Source records:
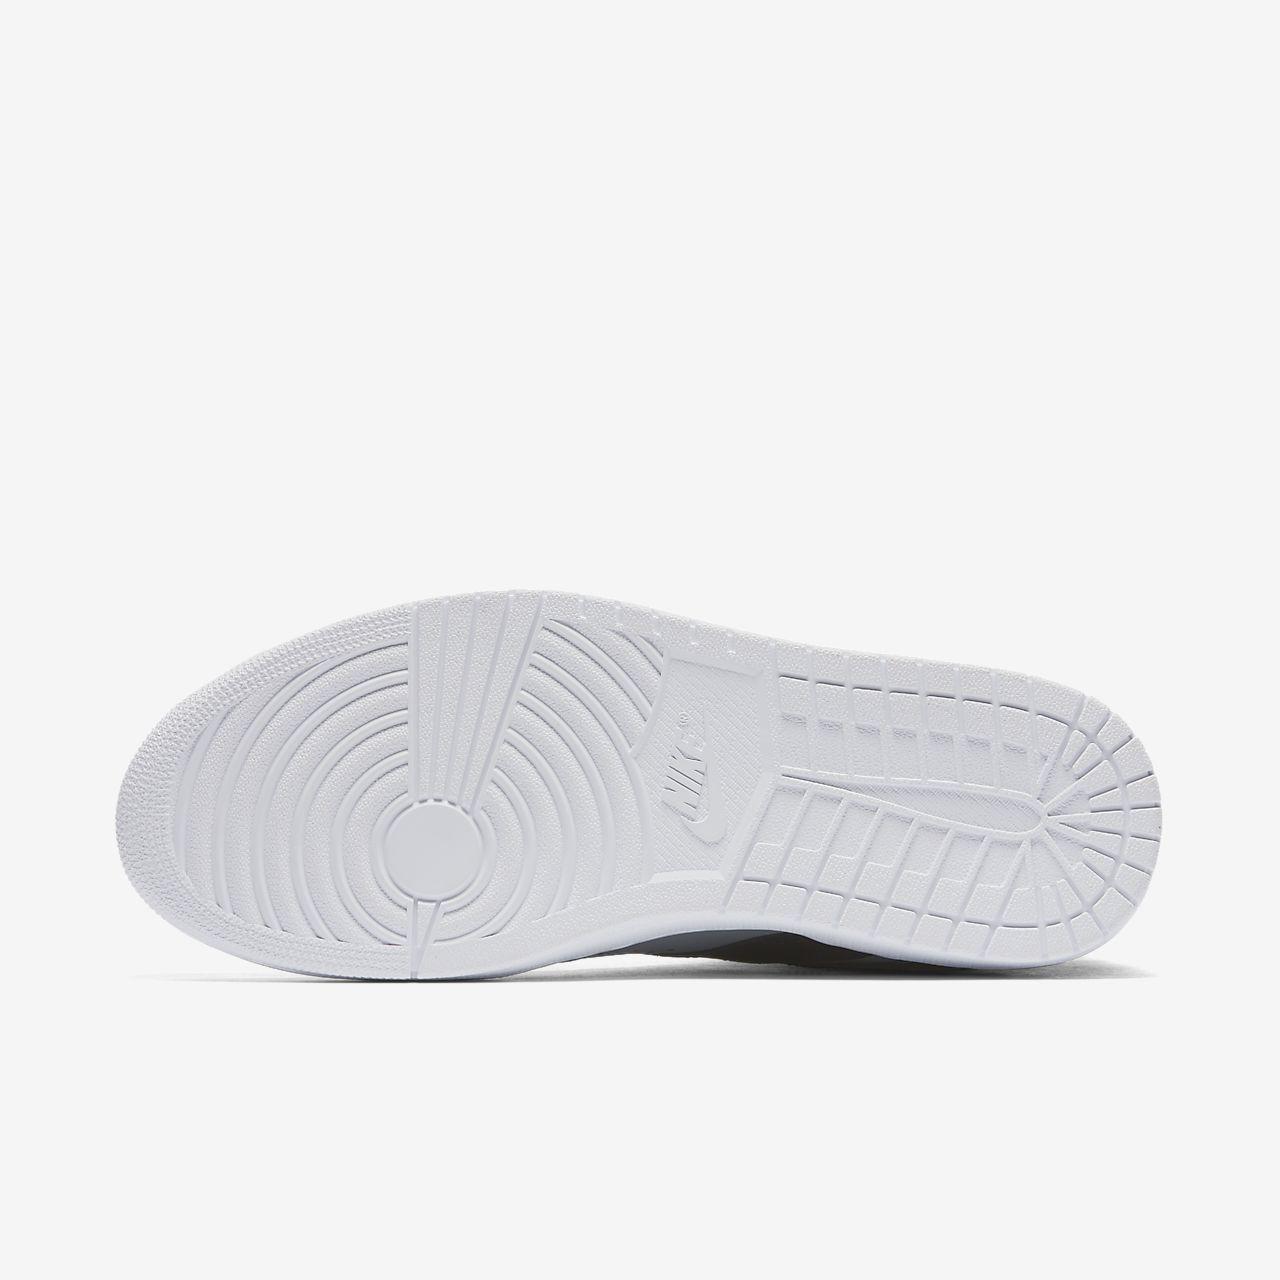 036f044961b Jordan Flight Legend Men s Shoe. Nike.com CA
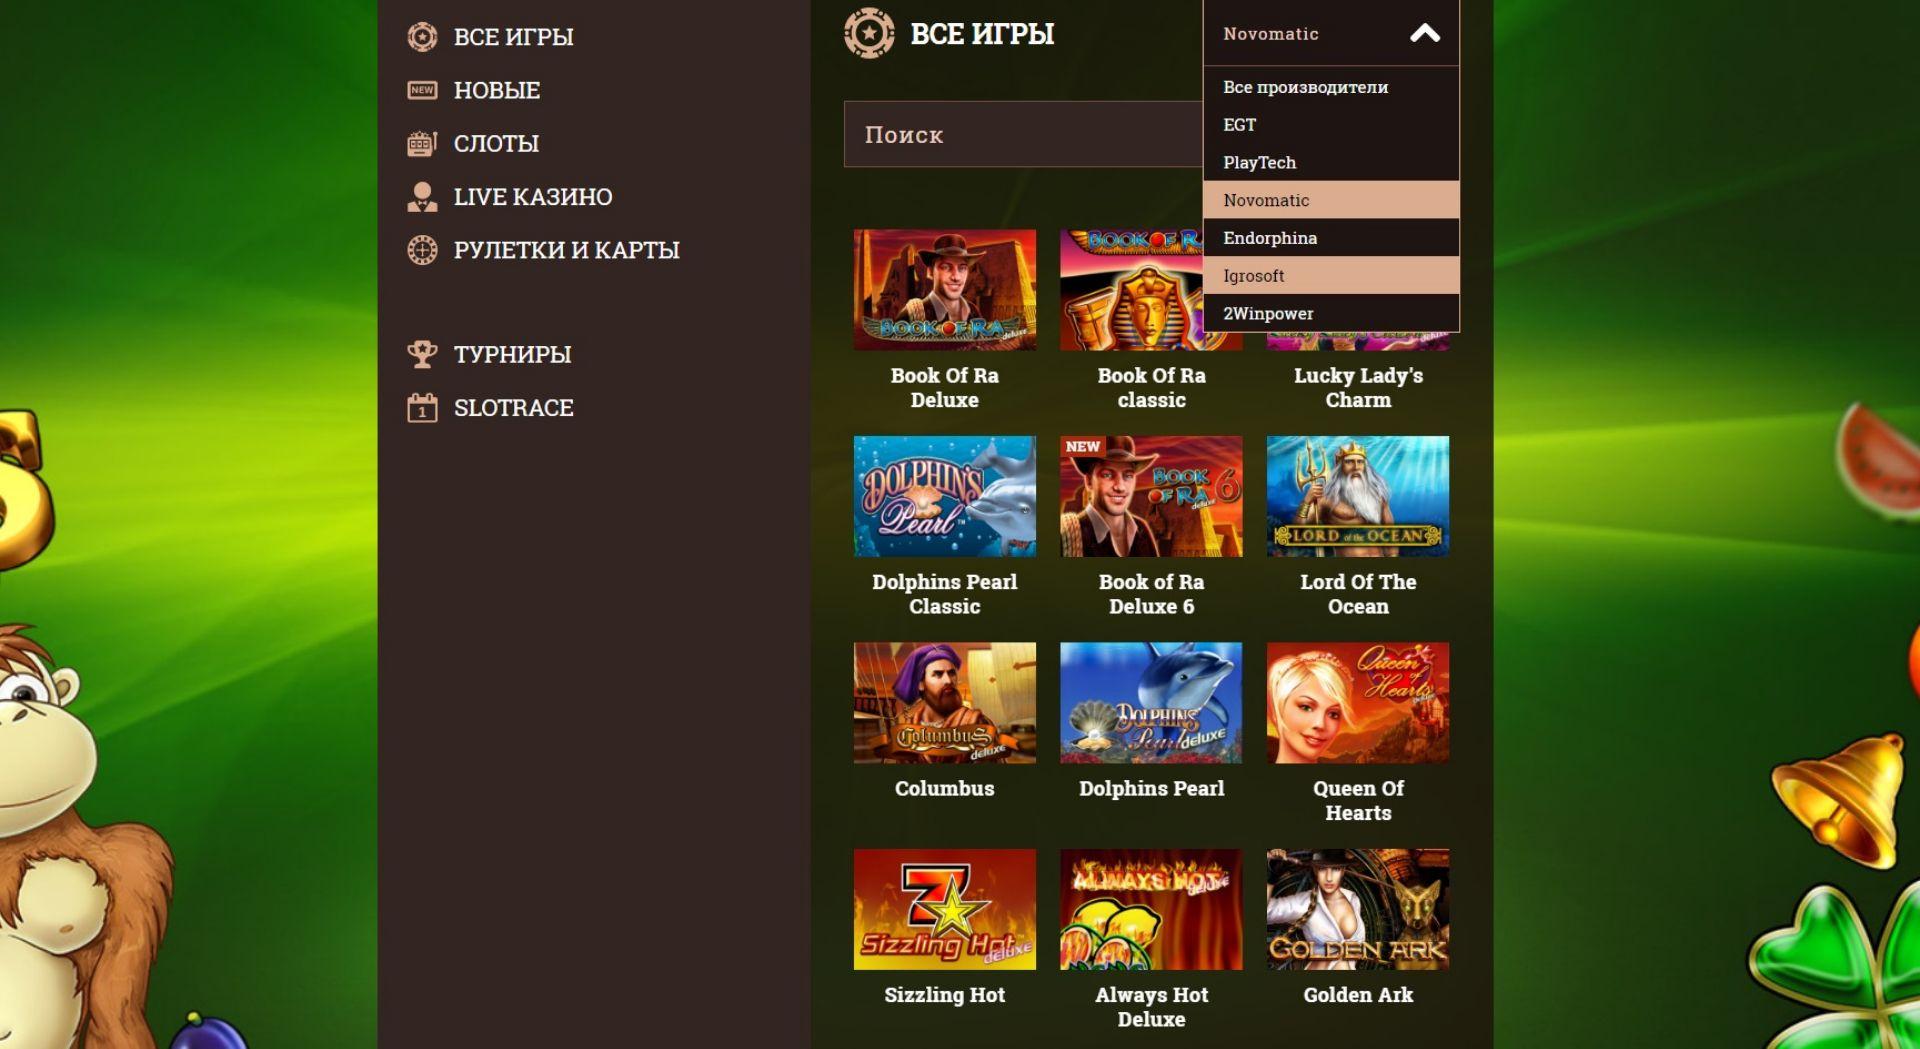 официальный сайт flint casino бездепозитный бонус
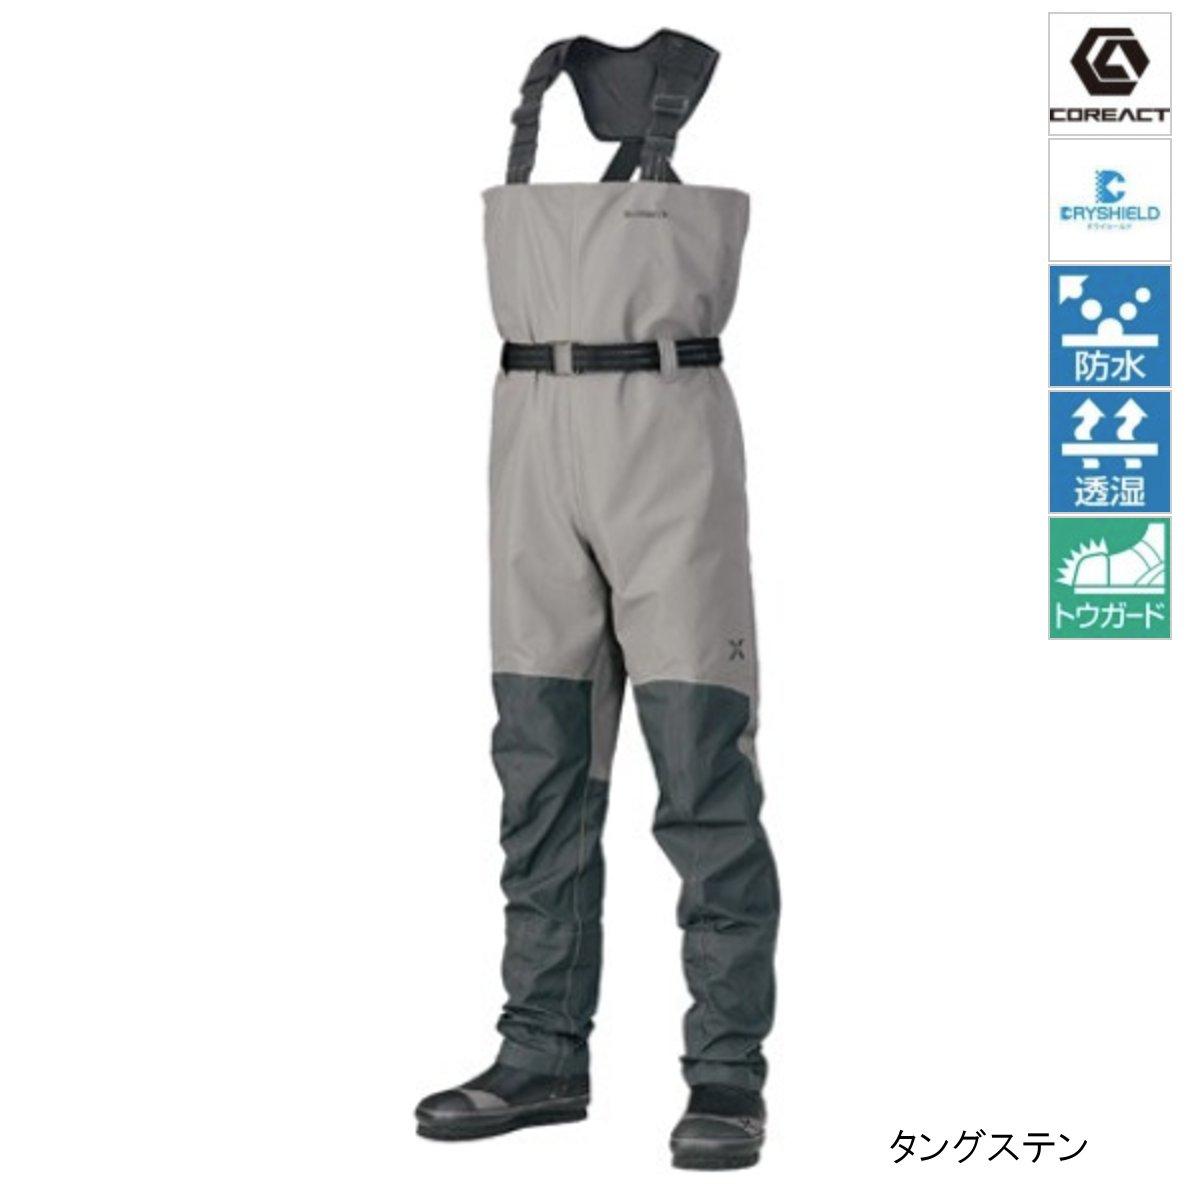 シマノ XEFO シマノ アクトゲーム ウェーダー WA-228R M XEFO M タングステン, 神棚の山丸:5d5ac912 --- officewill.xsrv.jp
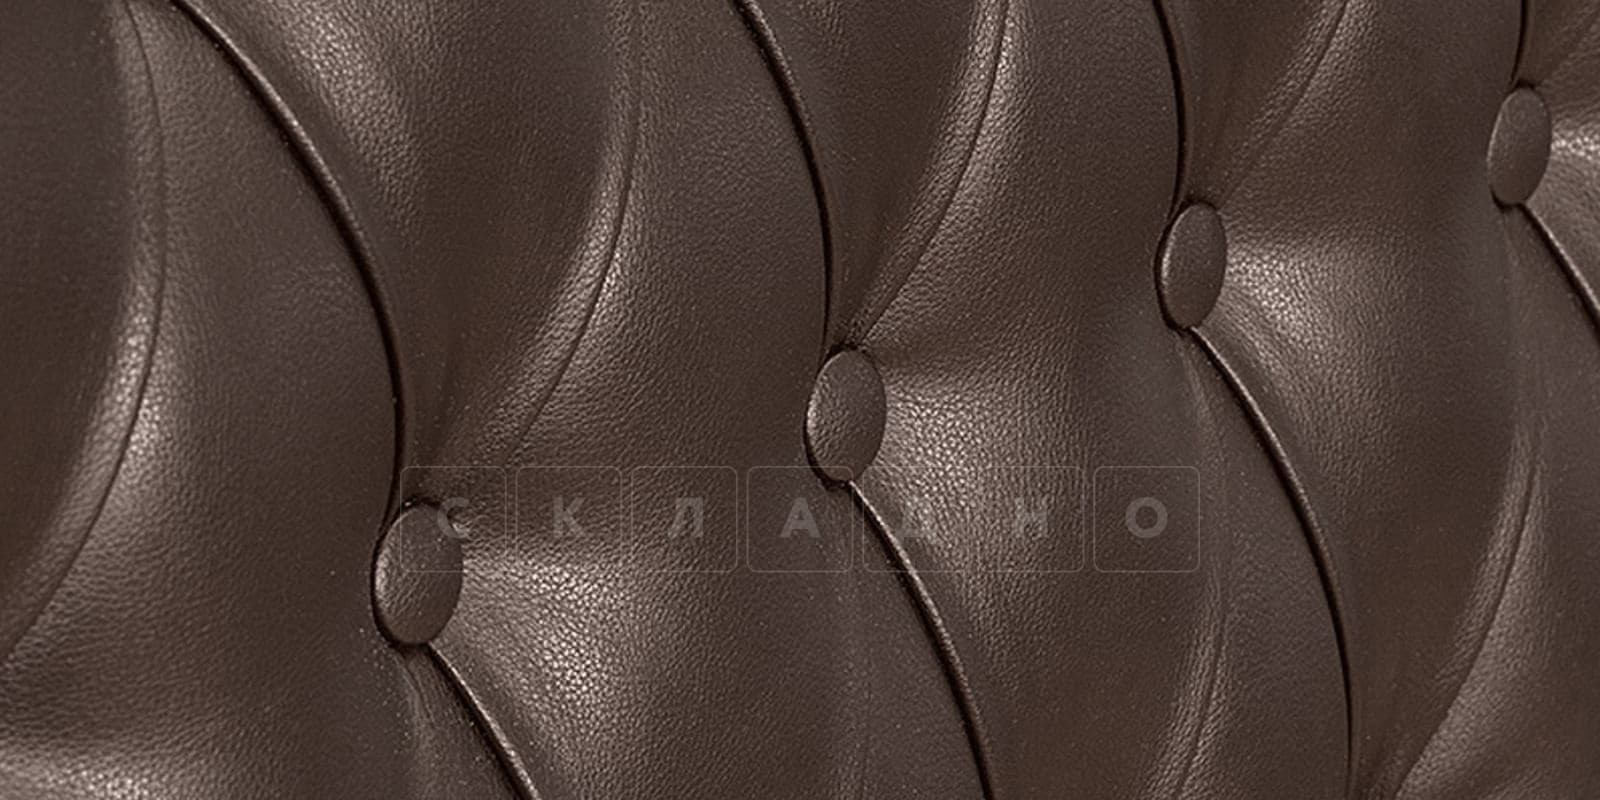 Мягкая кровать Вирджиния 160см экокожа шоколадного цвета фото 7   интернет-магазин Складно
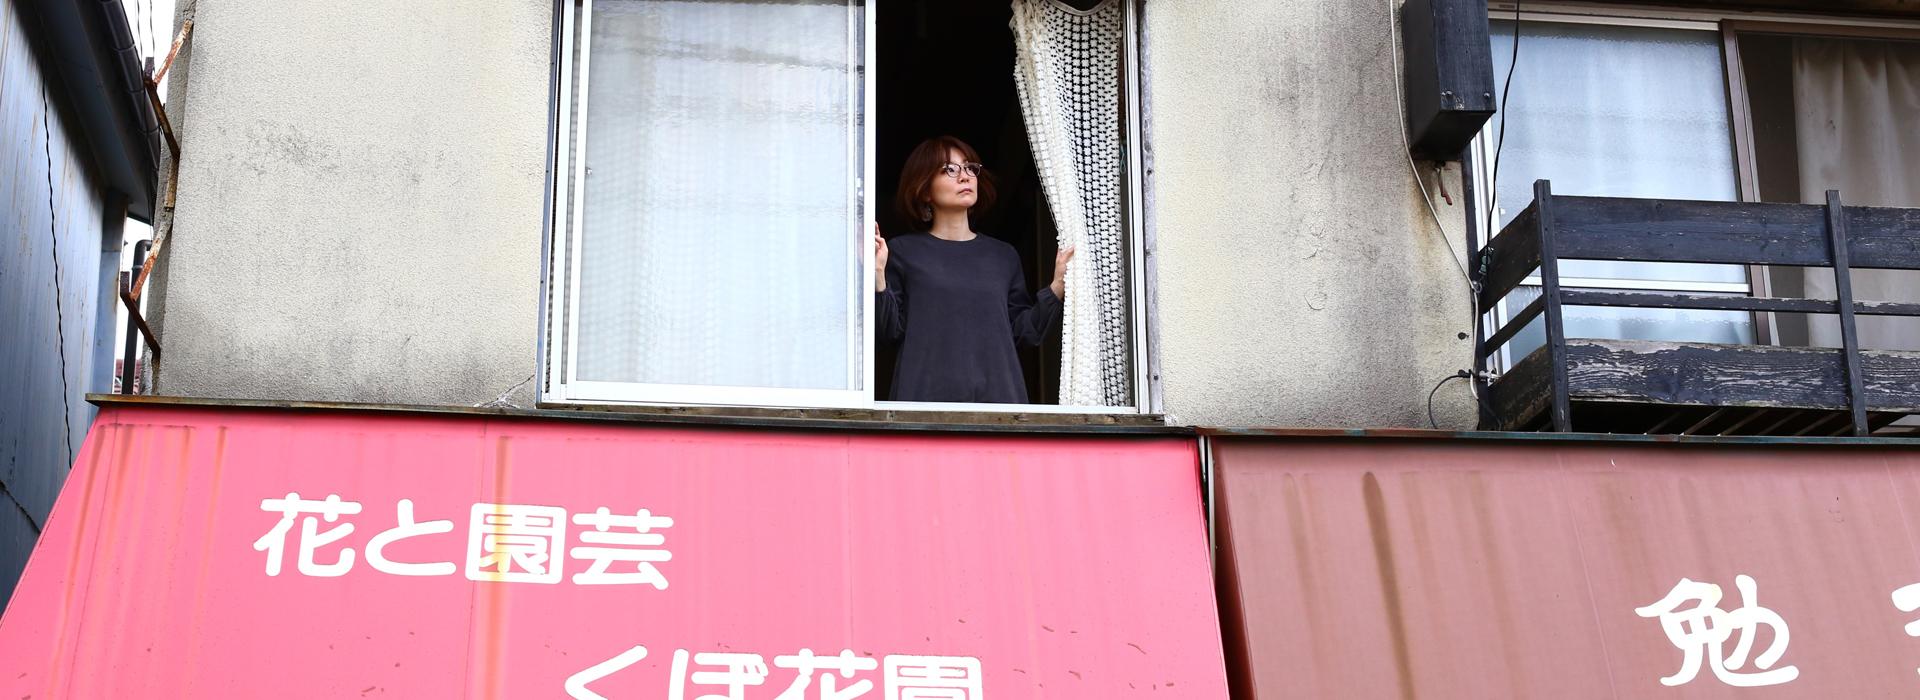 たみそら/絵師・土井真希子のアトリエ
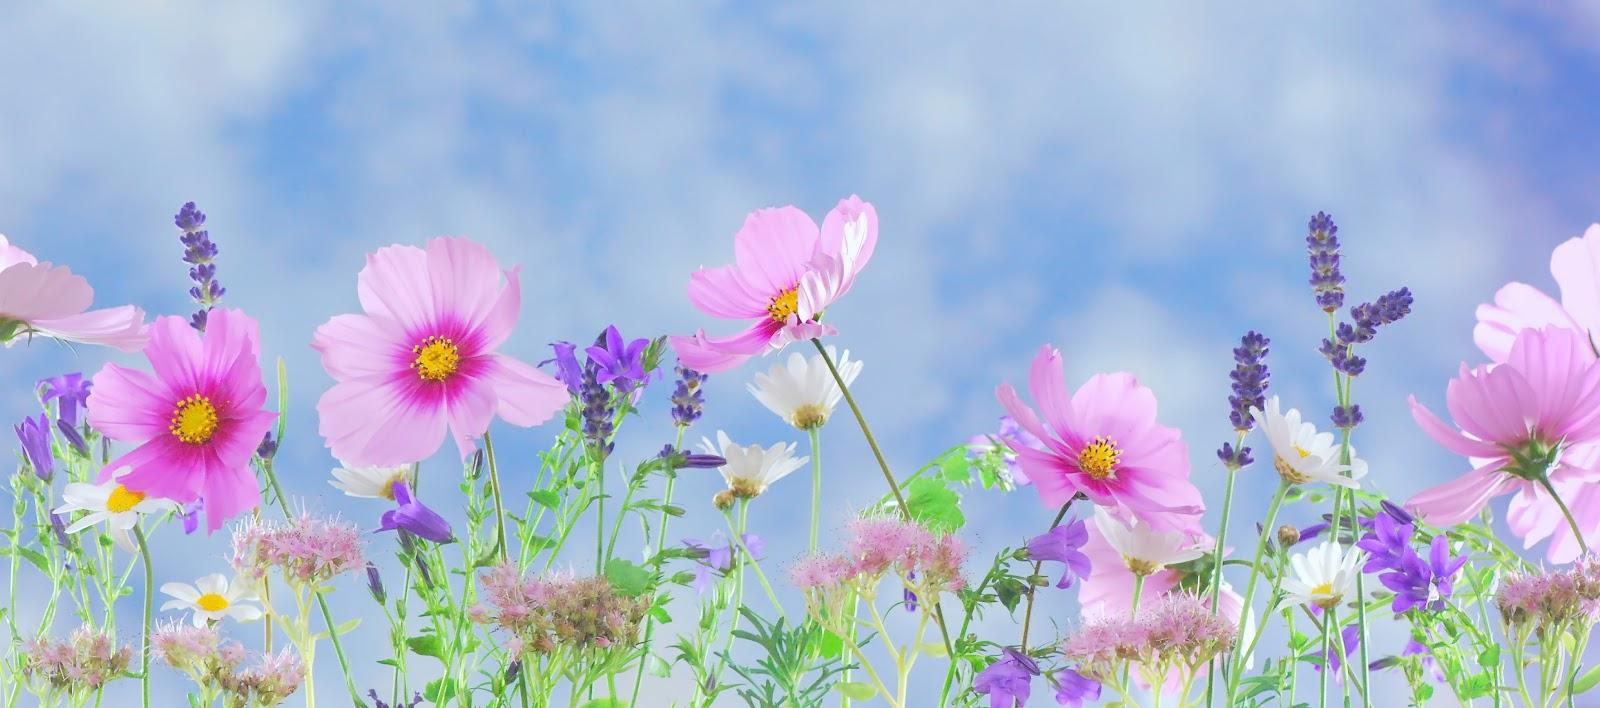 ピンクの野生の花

What is expected:
Each record needs to be reproduced exactly, and no image should be carried over.

Output for this task:
 036f044961b Jordan Flight Legend Men s Shoe. Nike.com CA
 официальный сайт flint casino бездепозитный бонус
 シマノ XEFO シマノ アクトゲーム ウェーダー WA-228R M XEFO M タングステン, 神棚の山丸:5d5ac912 --- officewill.xsrv.jp
 Мягкая кровать Вирджиния 160см экокожа шоколадного цвета фото 7   интернет-магазин Складно
 たみそら/絵師・土井真希子のアトリエ
 ピンクの野生の花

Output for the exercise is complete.